Return exactly, please, the lines from the one containing "Квадрокоптер Syma X5C" to the last line of the entries below, and nothing else, leaving pictures out.

[[ DATA SUPPLIED, beginning ]]

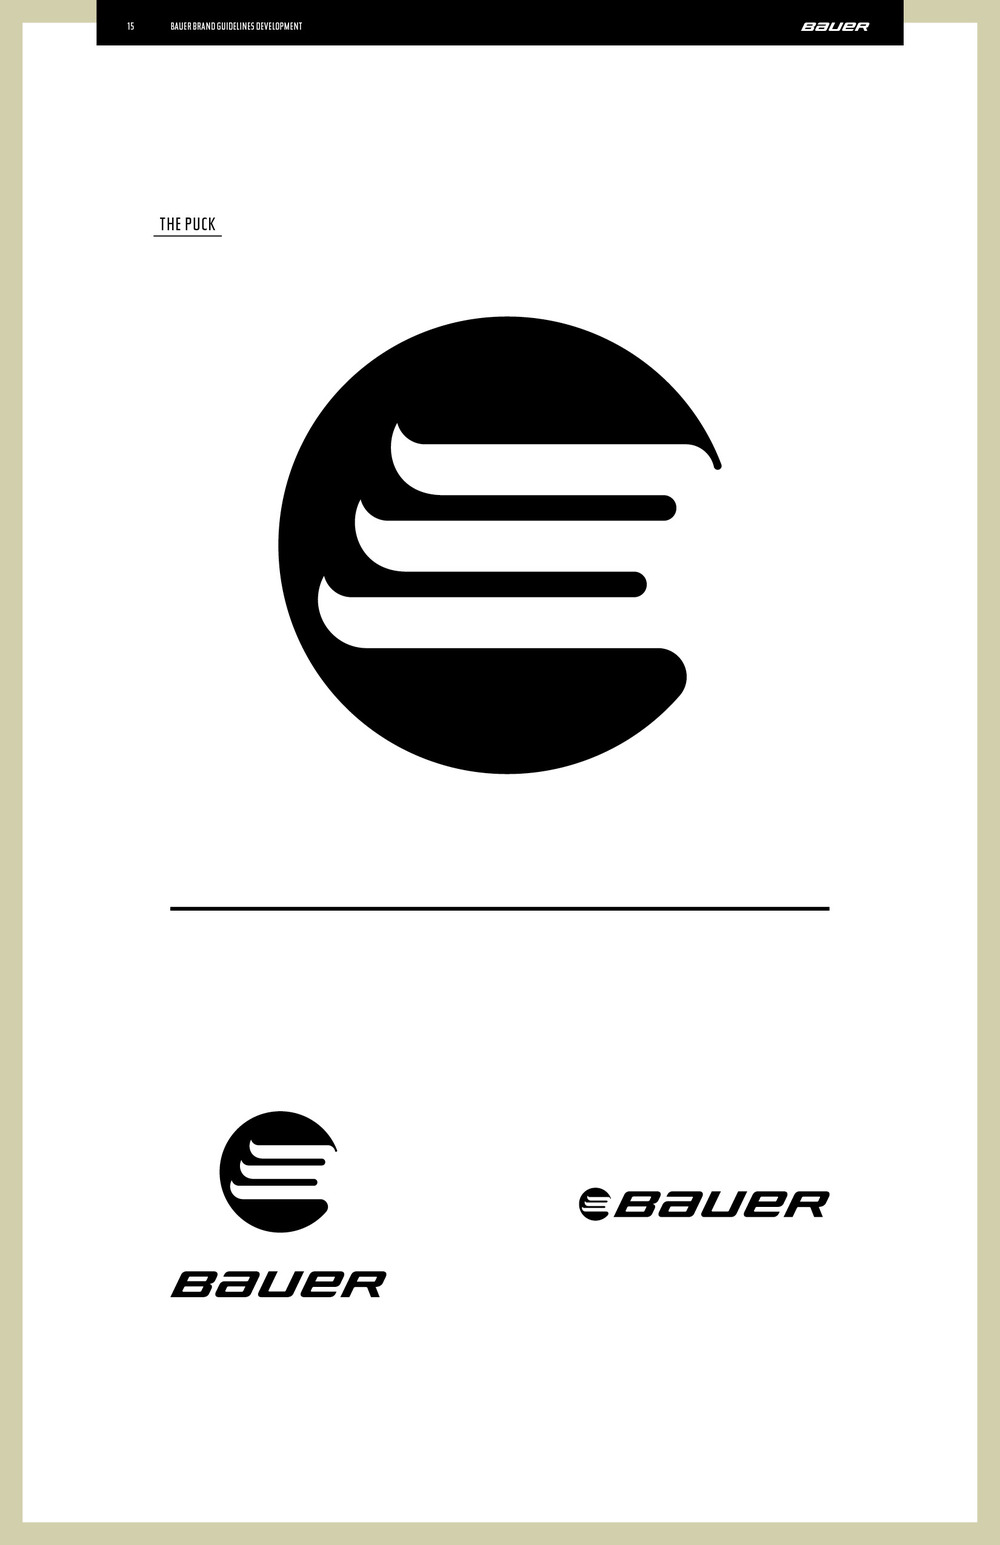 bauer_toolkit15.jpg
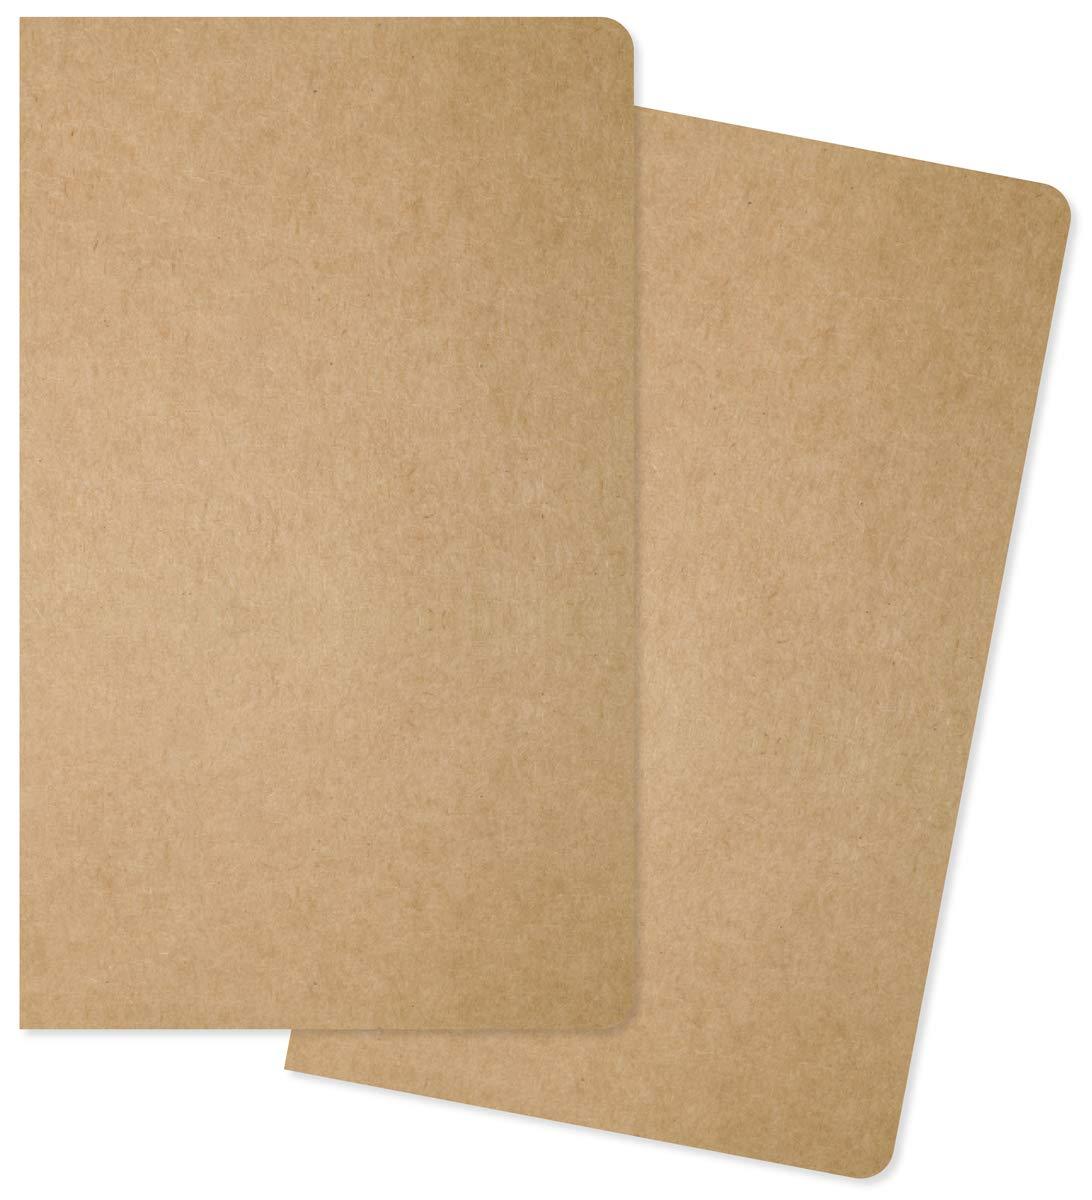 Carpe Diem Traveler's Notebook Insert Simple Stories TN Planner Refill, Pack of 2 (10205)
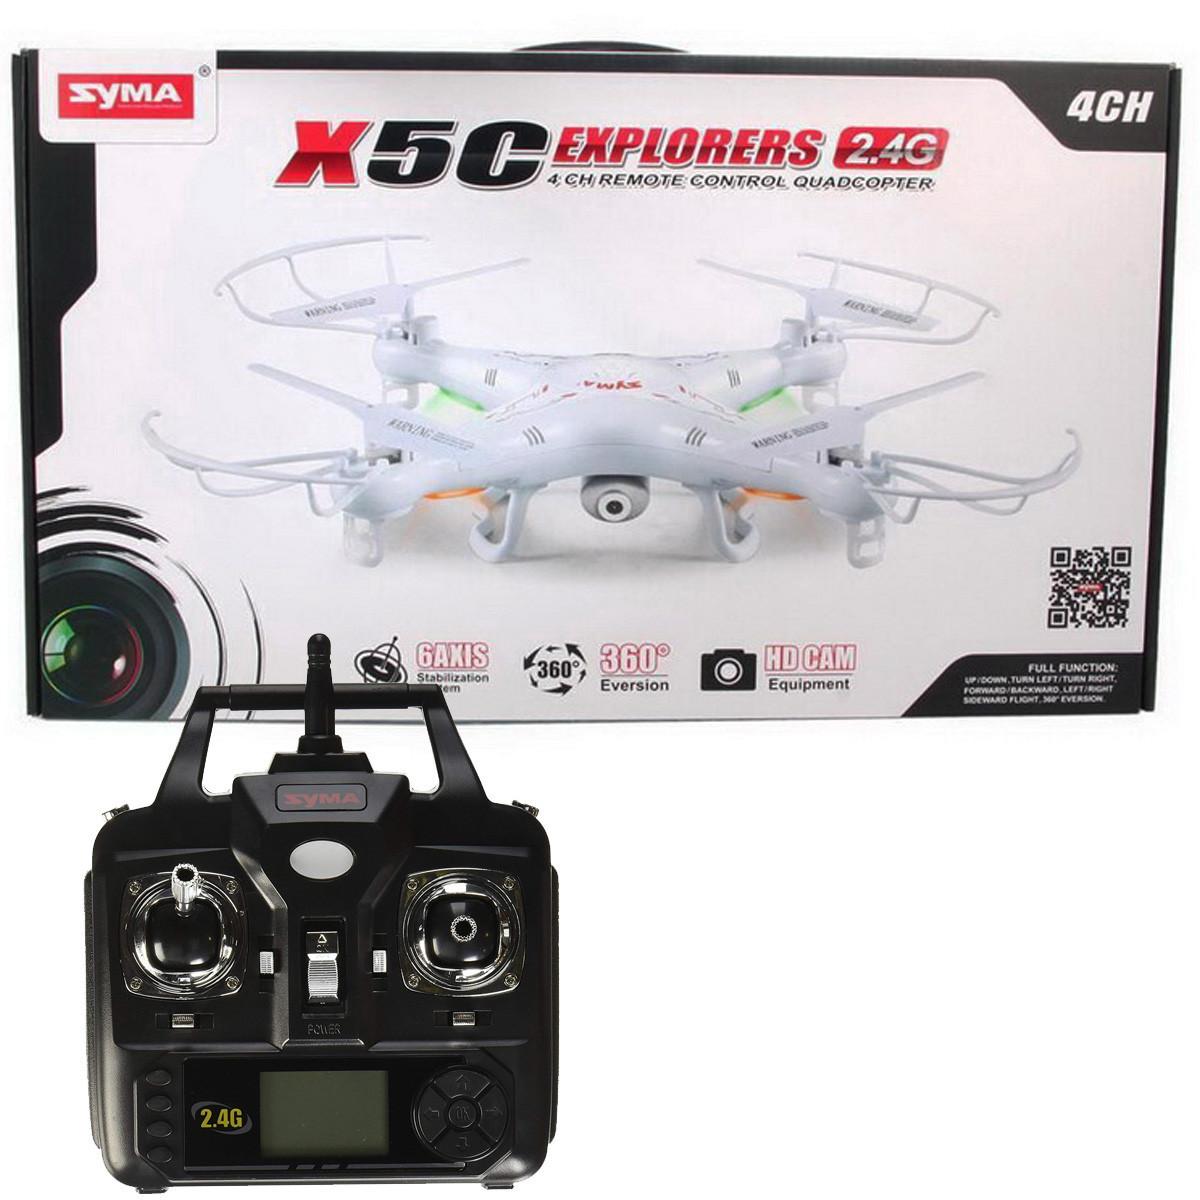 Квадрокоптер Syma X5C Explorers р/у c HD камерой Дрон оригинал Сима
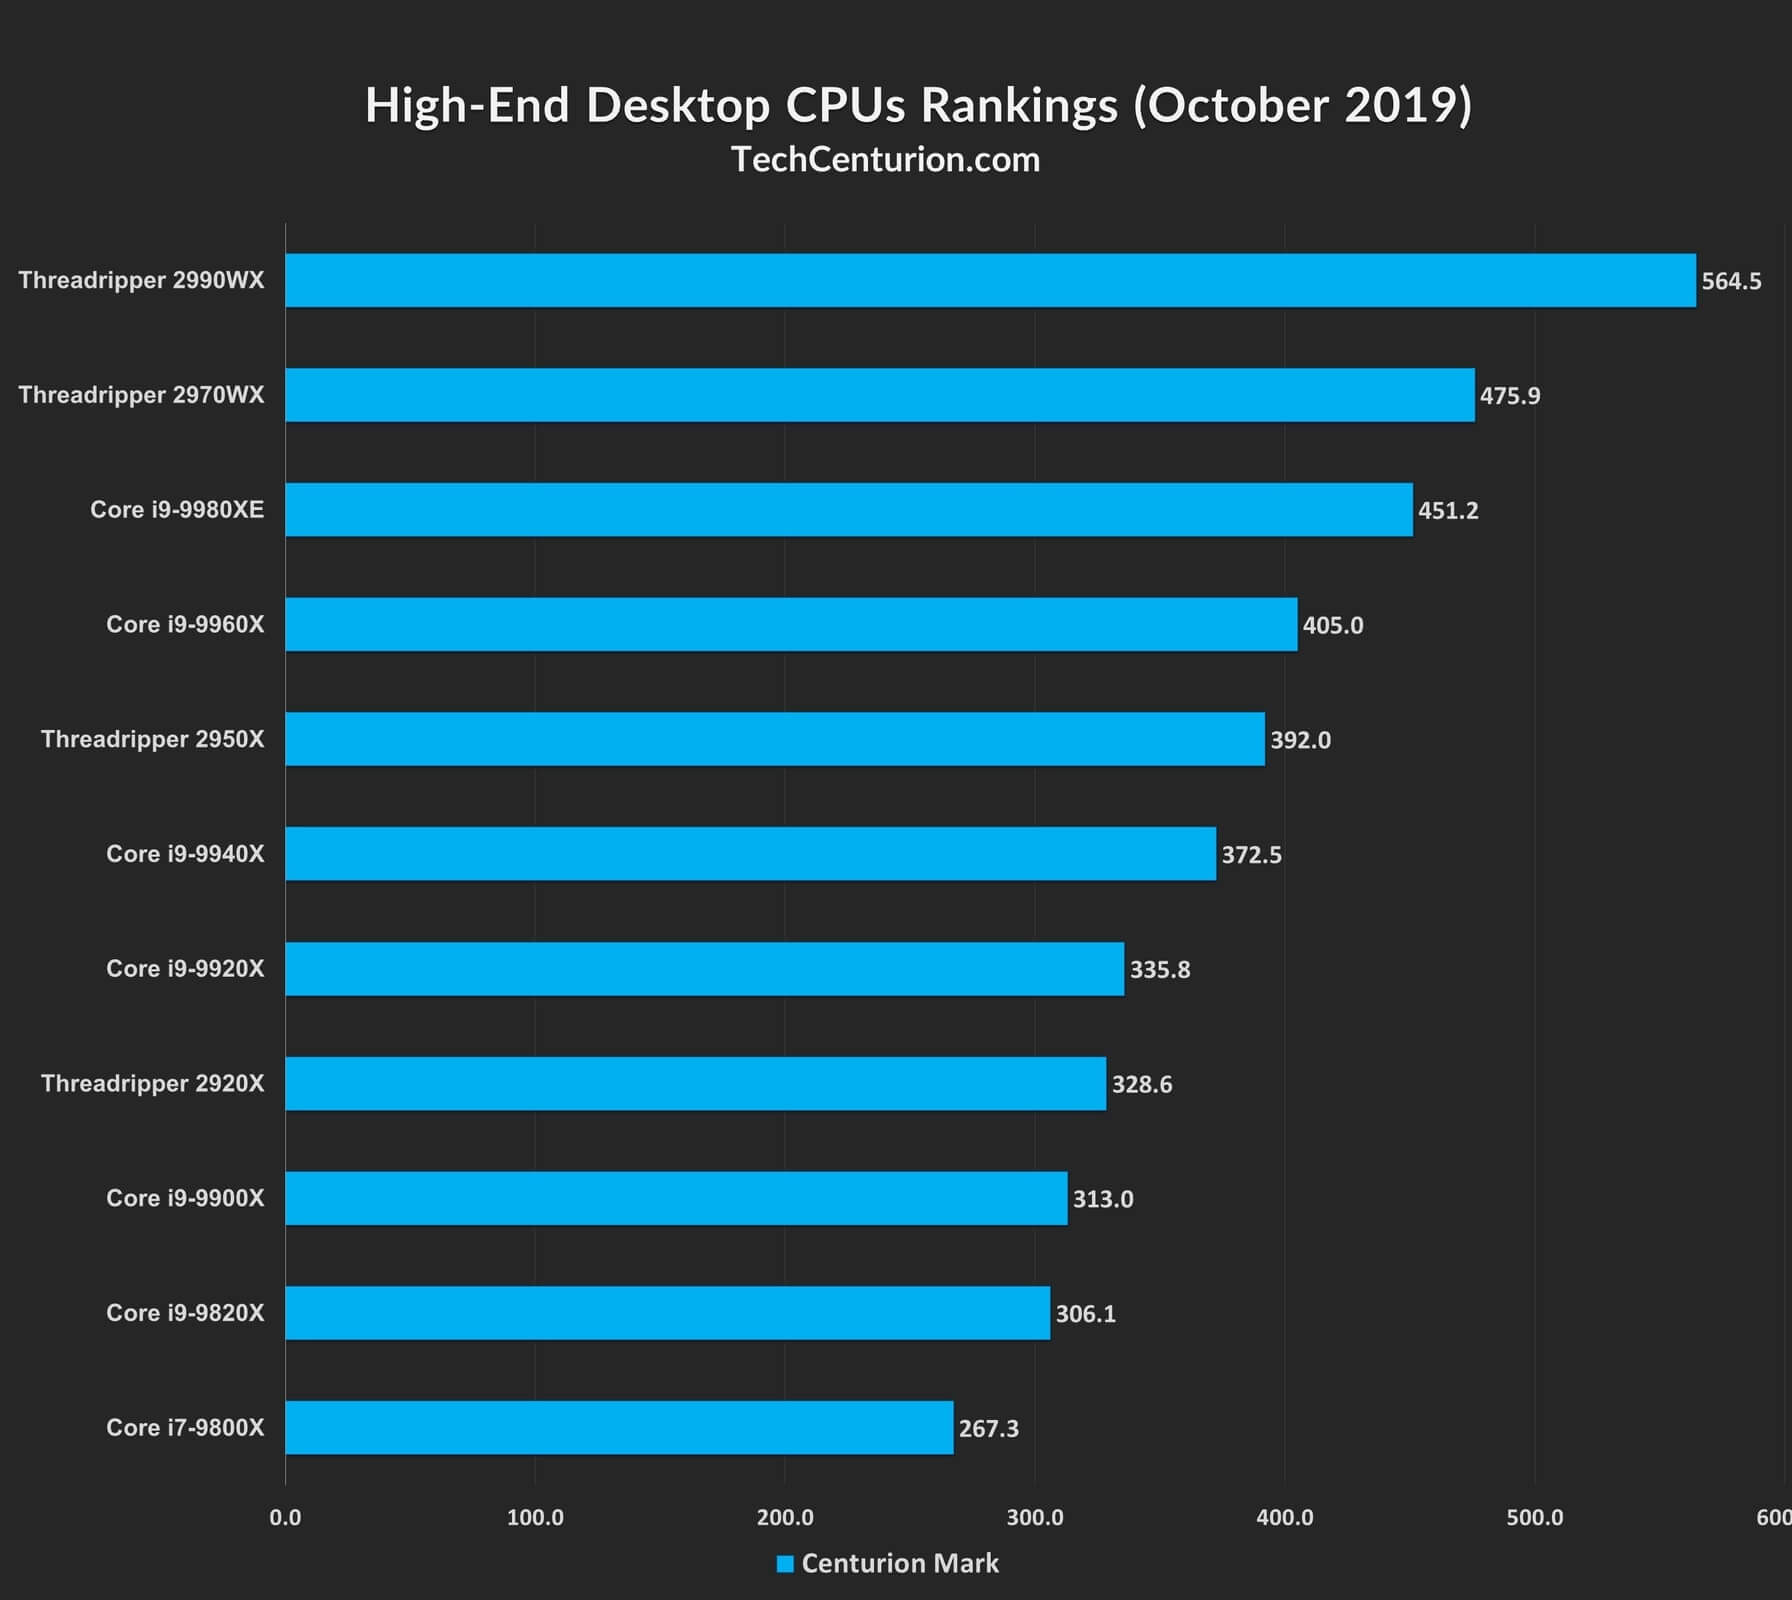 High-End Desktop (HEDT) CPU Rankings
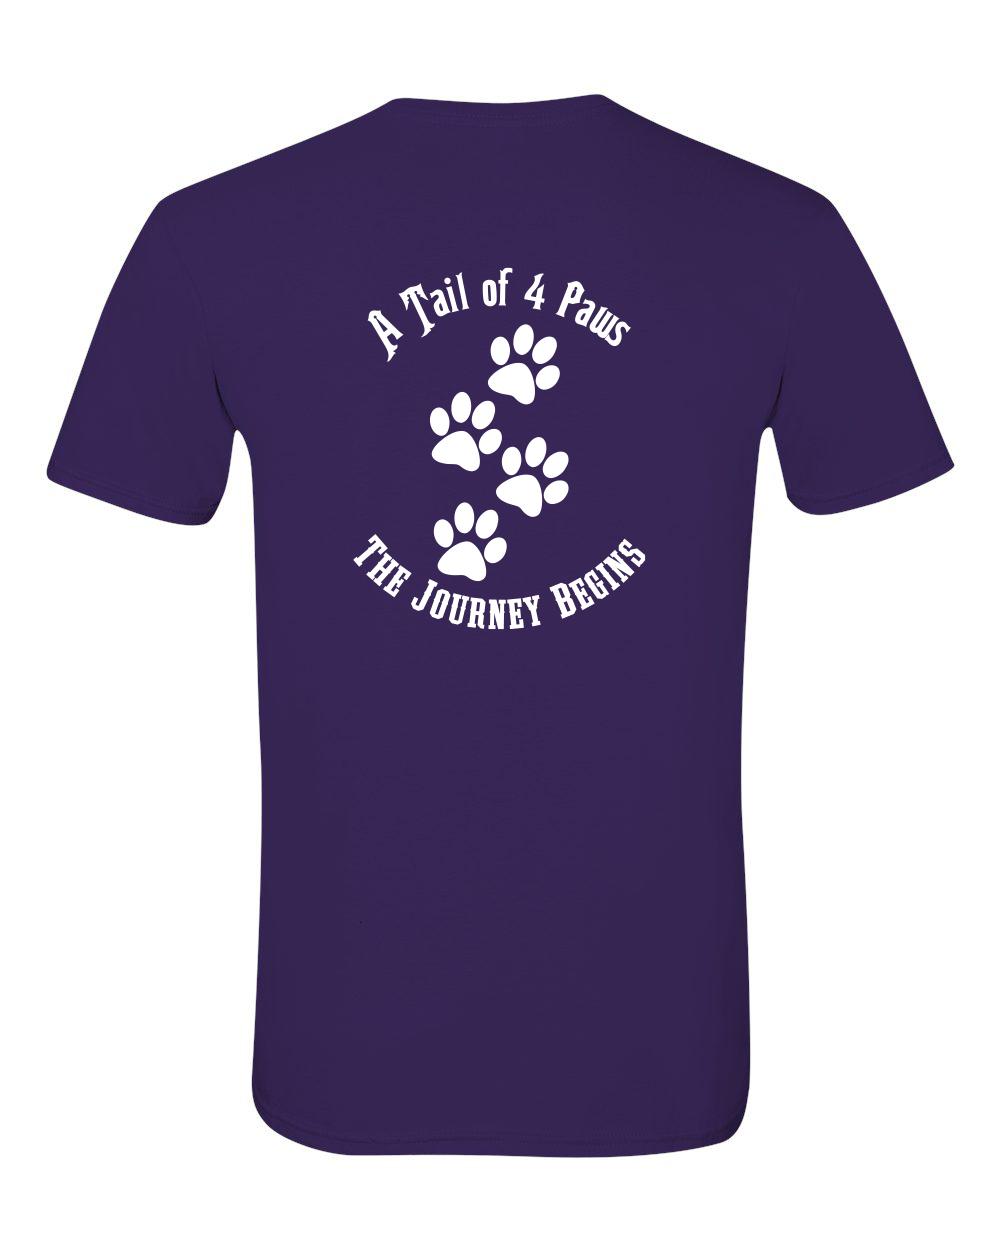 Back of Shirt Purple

[[ DATA SUPPLIED, end ]]

ANSWER SECTION:
 Квадрокоптер Syma X5C Explorers р/у c HD камерой Дрон оригинал Сима
 High-End Desktop (HEDT) CPU Rankings
 Back of Shirt Purple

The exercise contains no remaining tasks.